Tag Archives: Emily O’Neill

Our 2015 Best of the Net Nominees Are…

Our nominations for the 2015 Best of the Net anthology, which honors literary work that originally appeared on the internet between 7/1/2014 & 6/30/2015, are:

“ARG” – Anthony Michael Morena (short fiction)
“Street Music” – Emily O’Neill (poetry)
“Invocation: Joan of Arc Reads the Crowd” – Jennifer MacBain-Stephens (poetry)
“9 lessons in witchcraft” – Danielle Perry (poetry)
“The Rud Yard” – Vajra Chandrasekera (short fiction)

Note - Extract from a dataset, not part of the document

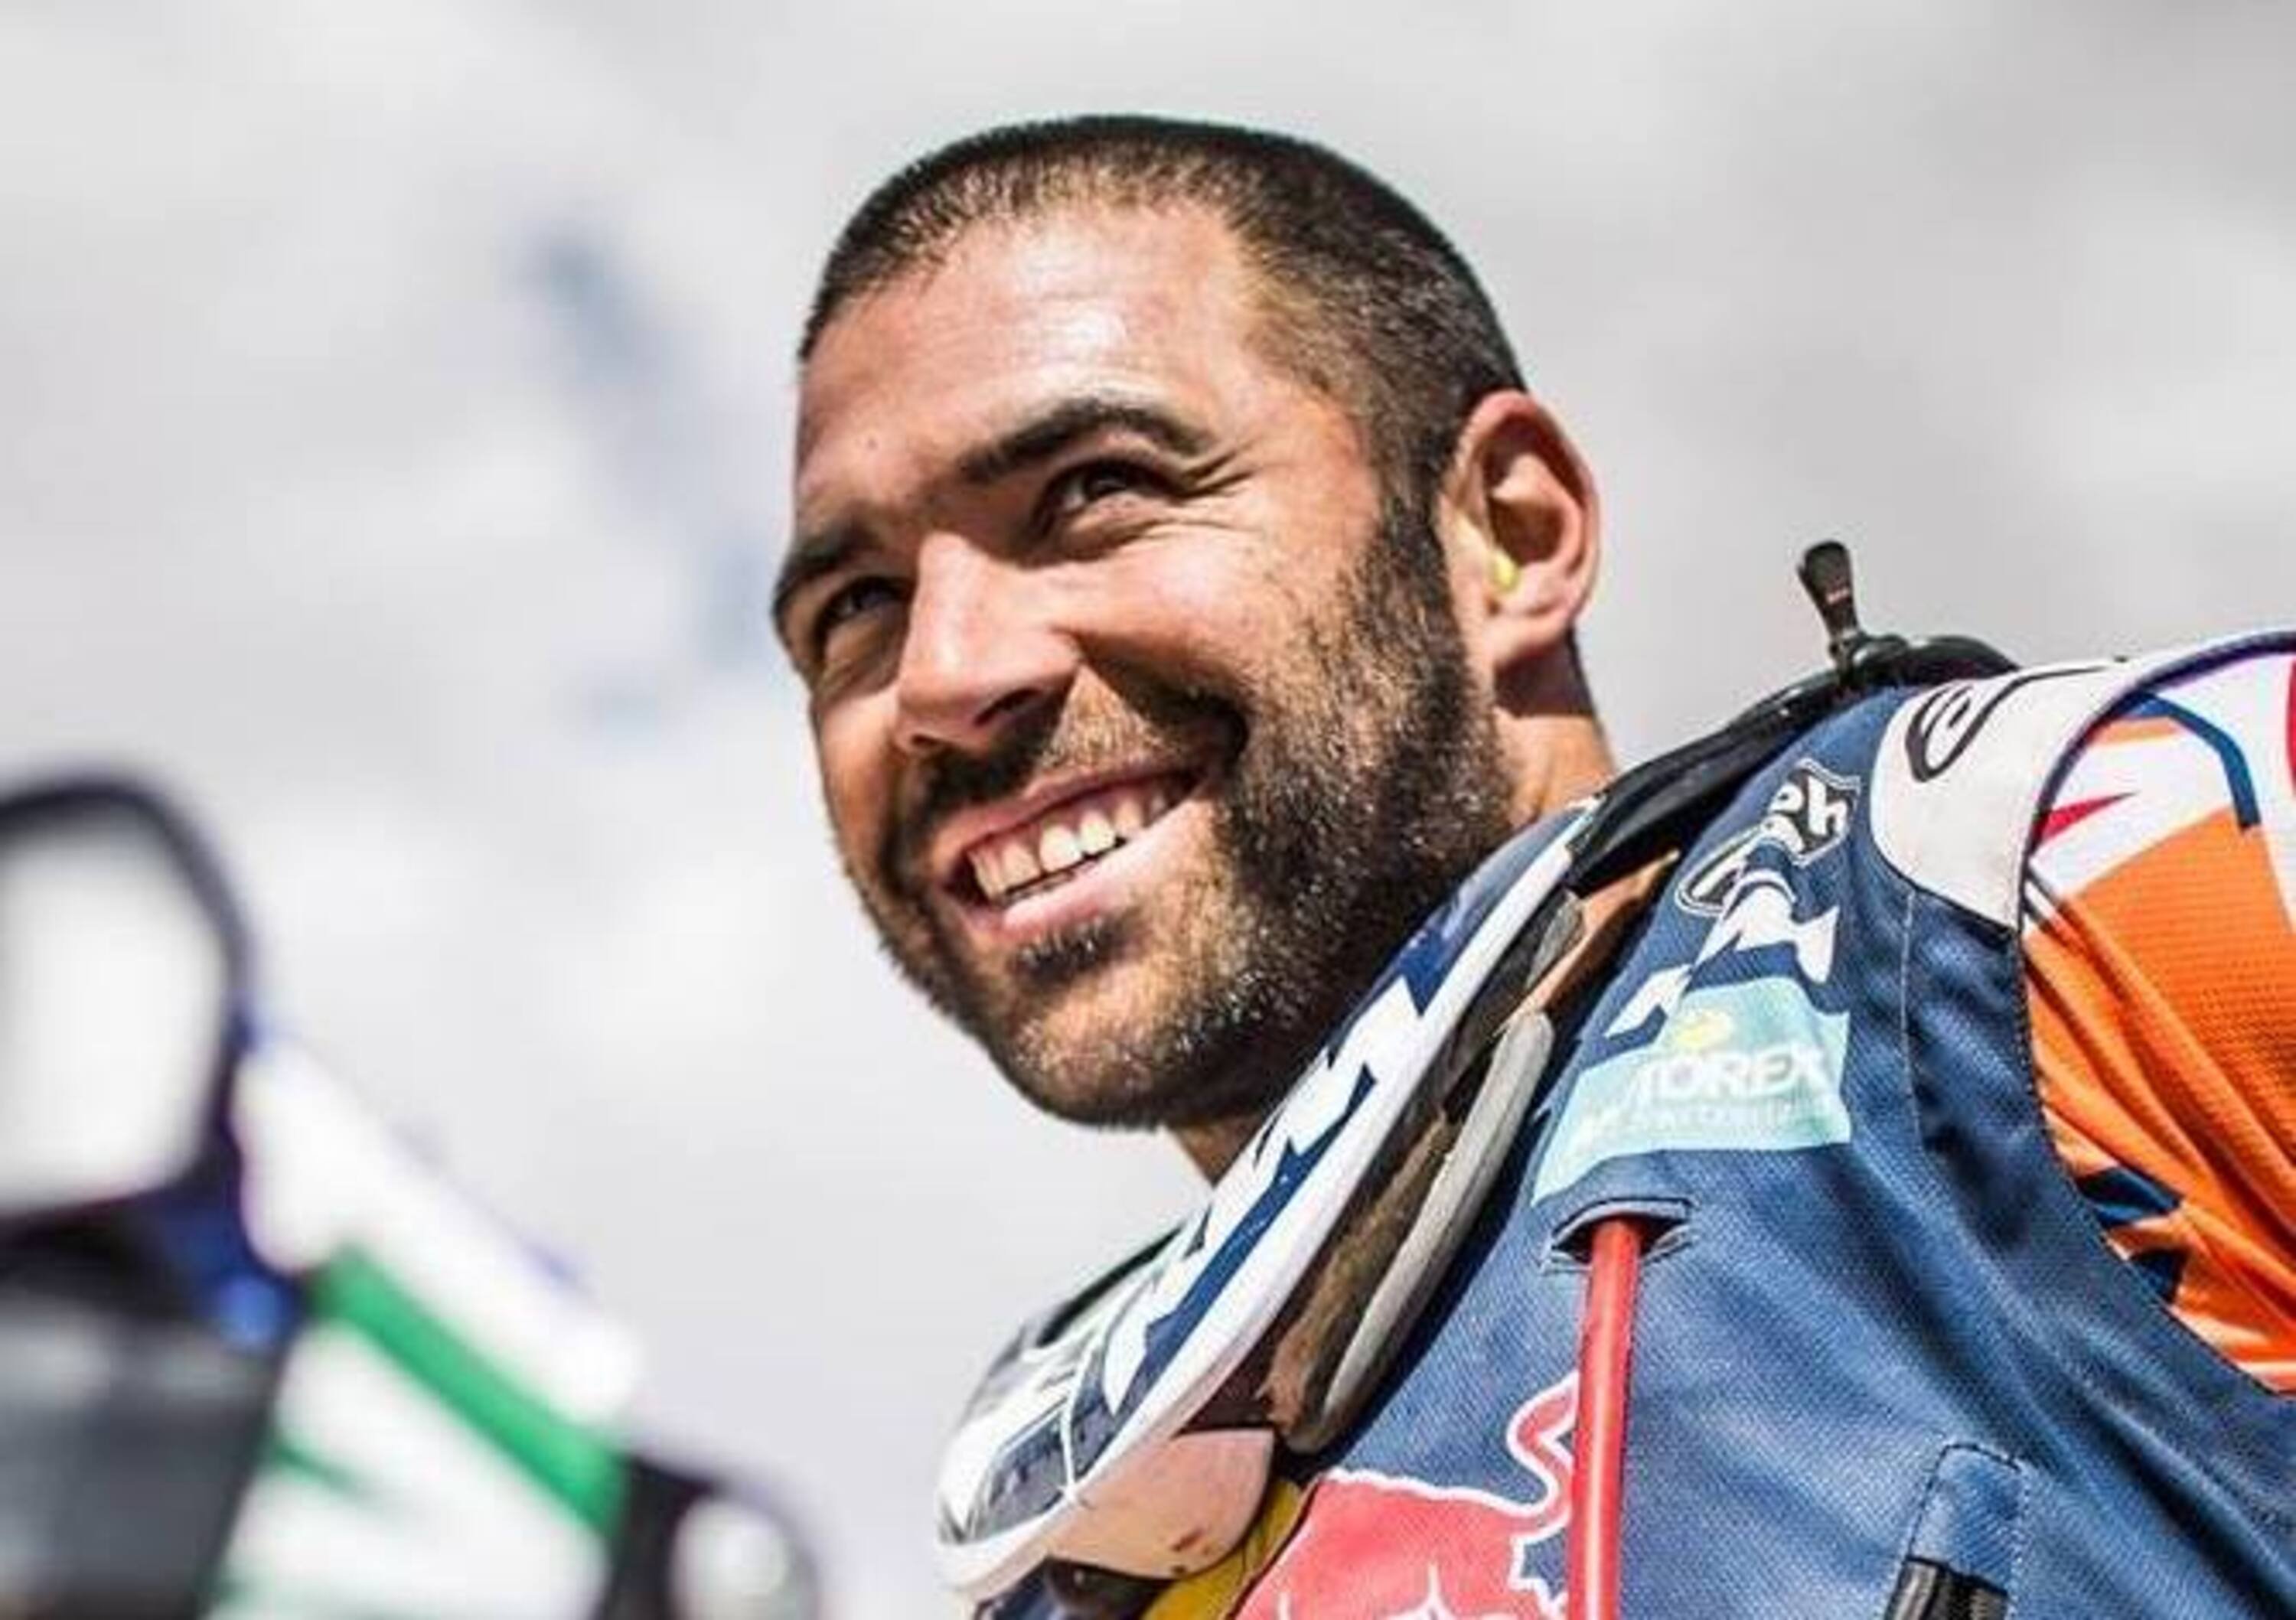 WRC 2018 Tour de Corse. Guarda chi si rivede: Antoine Meo!

Congratulations & best of luck to all our nominees, as well as our eternal gratitude for contributing their amazing work to our weird little zine.

FLAPPERHOUSE : Year One

Coming soon in soft, pulpy paperback.
Stay tuned…FY1F&BCs

 

Outside the Flapperhouse – 12.30.2014

As 2014 has been careening through its homestretch, our Flappers have been even more prolific than usual, getting their work published across the internet like there won’t be a 2015.

Jeff Laughlin shared some things he’s learned this year in “The Year I Didn’t Belong” over at Triad City Beat.

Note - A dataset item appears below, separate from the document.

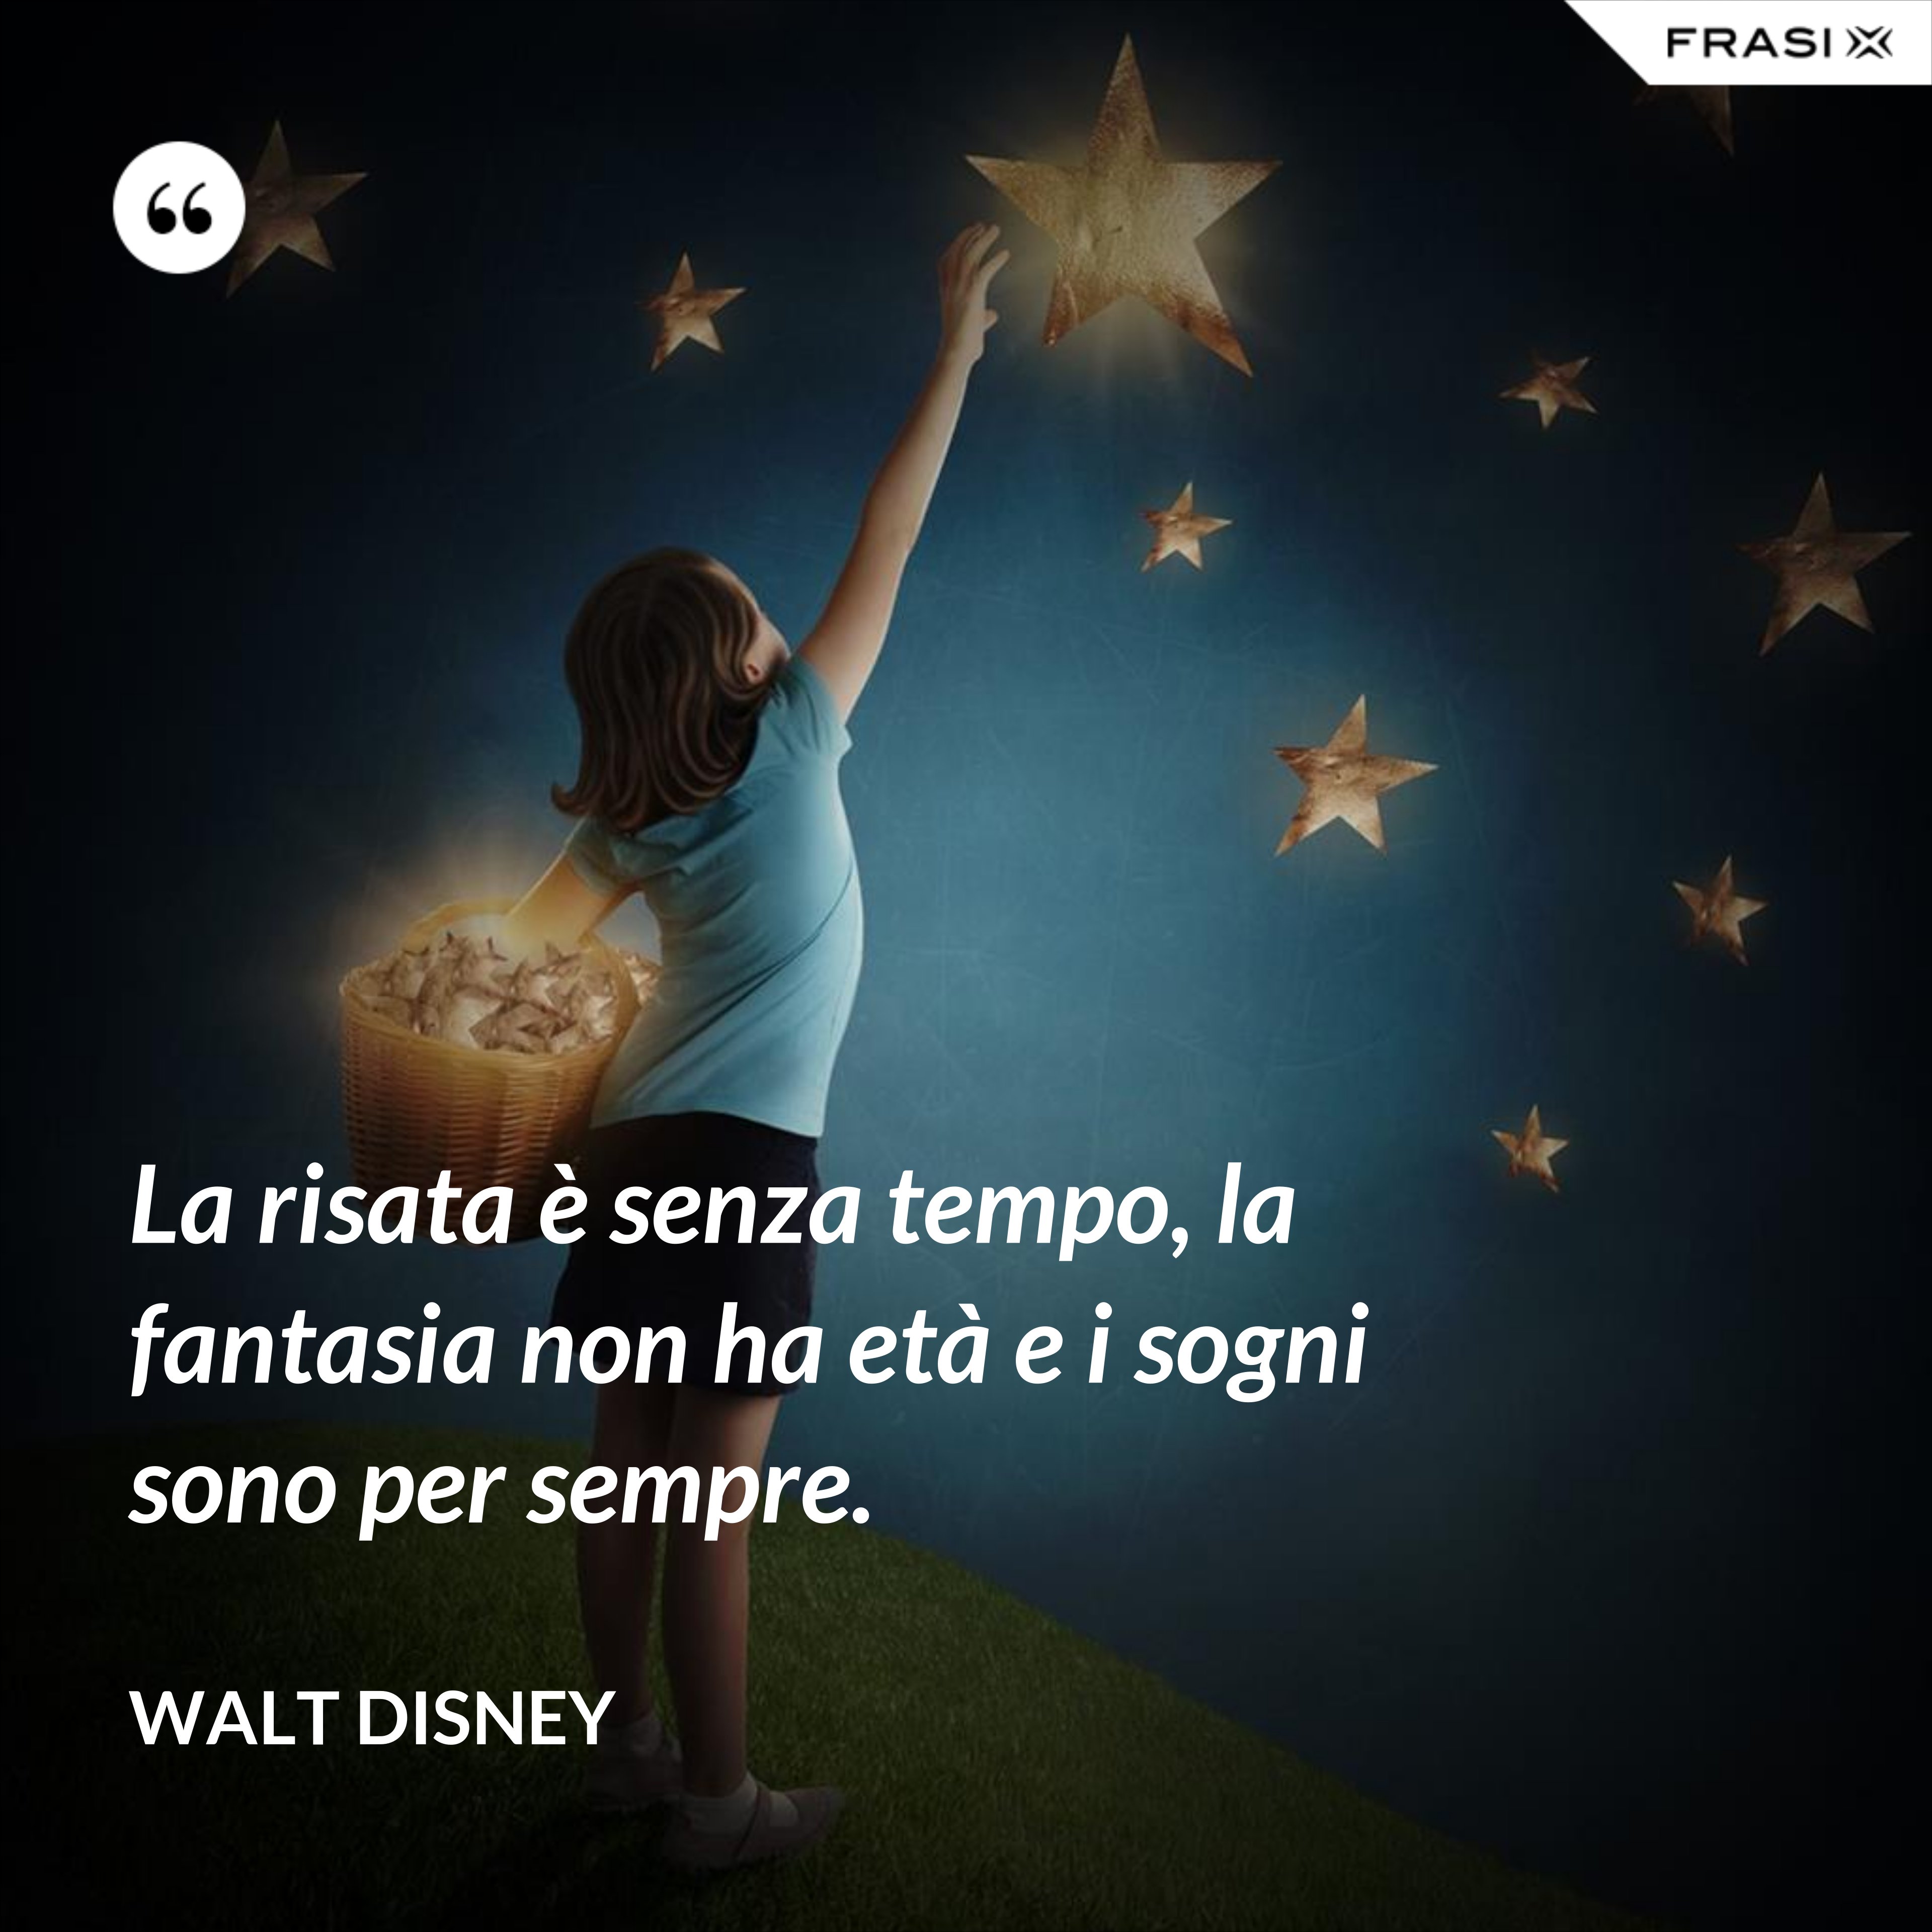 La risata è senza tempo, la fantasia non ha età e i sogni sono per sempre. - Walt Disney

Mari Ness’ “Offgrid” popped up at Three-Lobed Burning Eye.

Dusty Wallace’s “Flight of the Lonely” went up at Acidic Fiction.

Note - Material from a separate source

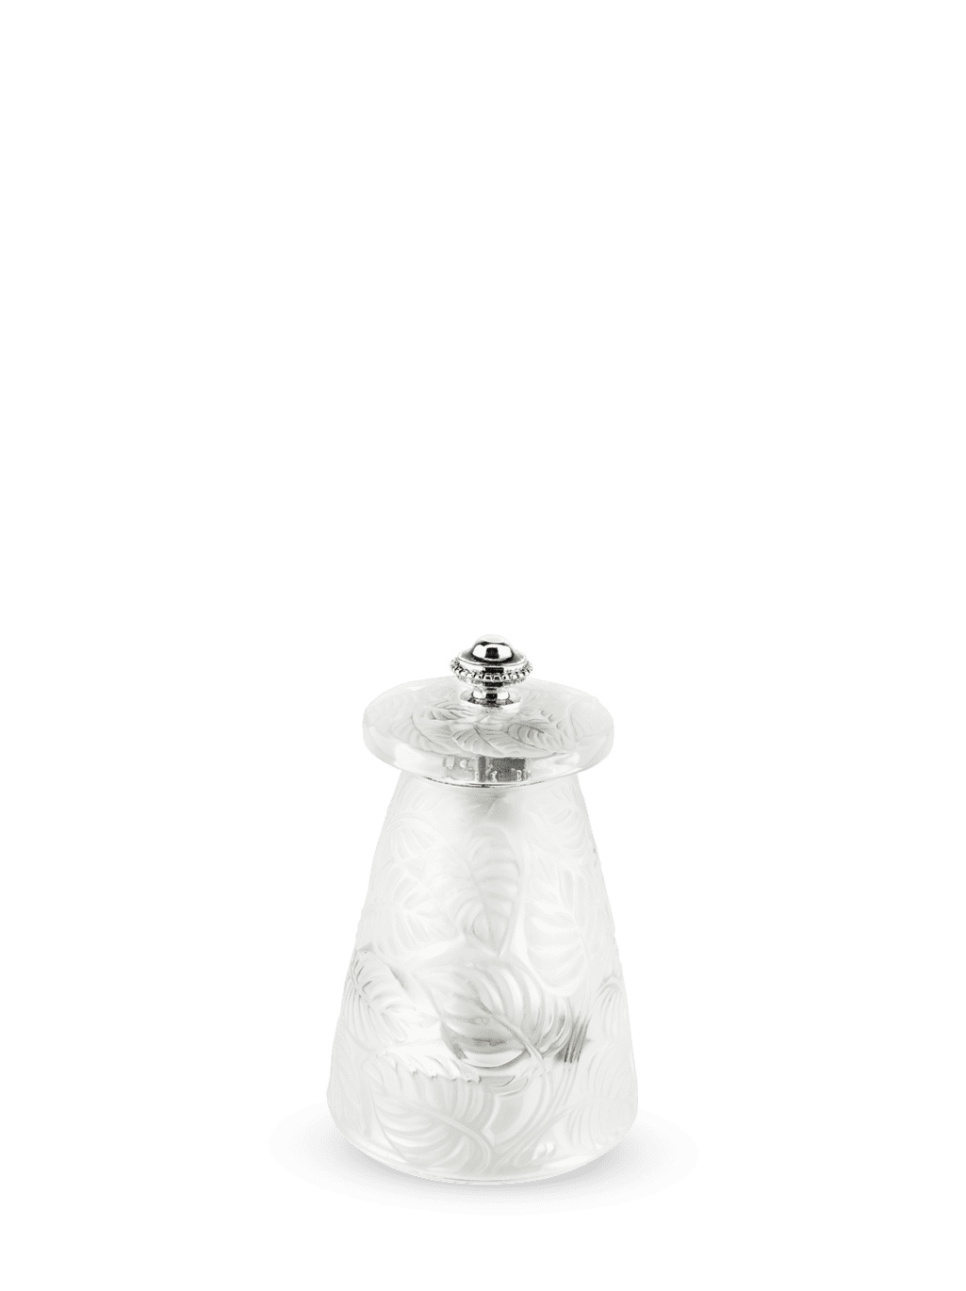 Saltmølle, Lalique, 9 cm - Peugeot i gruppen Madlavning / Køkkenredskaber / Salt & peberkværne hos The Kitchen Lab (1090-22578)

Samantha Eliot Stier’s “Plugs” was inserted into The Writing Disorder.

Juliet Cook & j/j hastain collaborated on “Clots Push Over the Edge” for the latest issue of Stirring.

Alison McBain’s playfully absurd “Nothing For Sale” was featured at Saturday Night Reader.

Ed Ahern left his “Aftertaste” at New Pop Lit.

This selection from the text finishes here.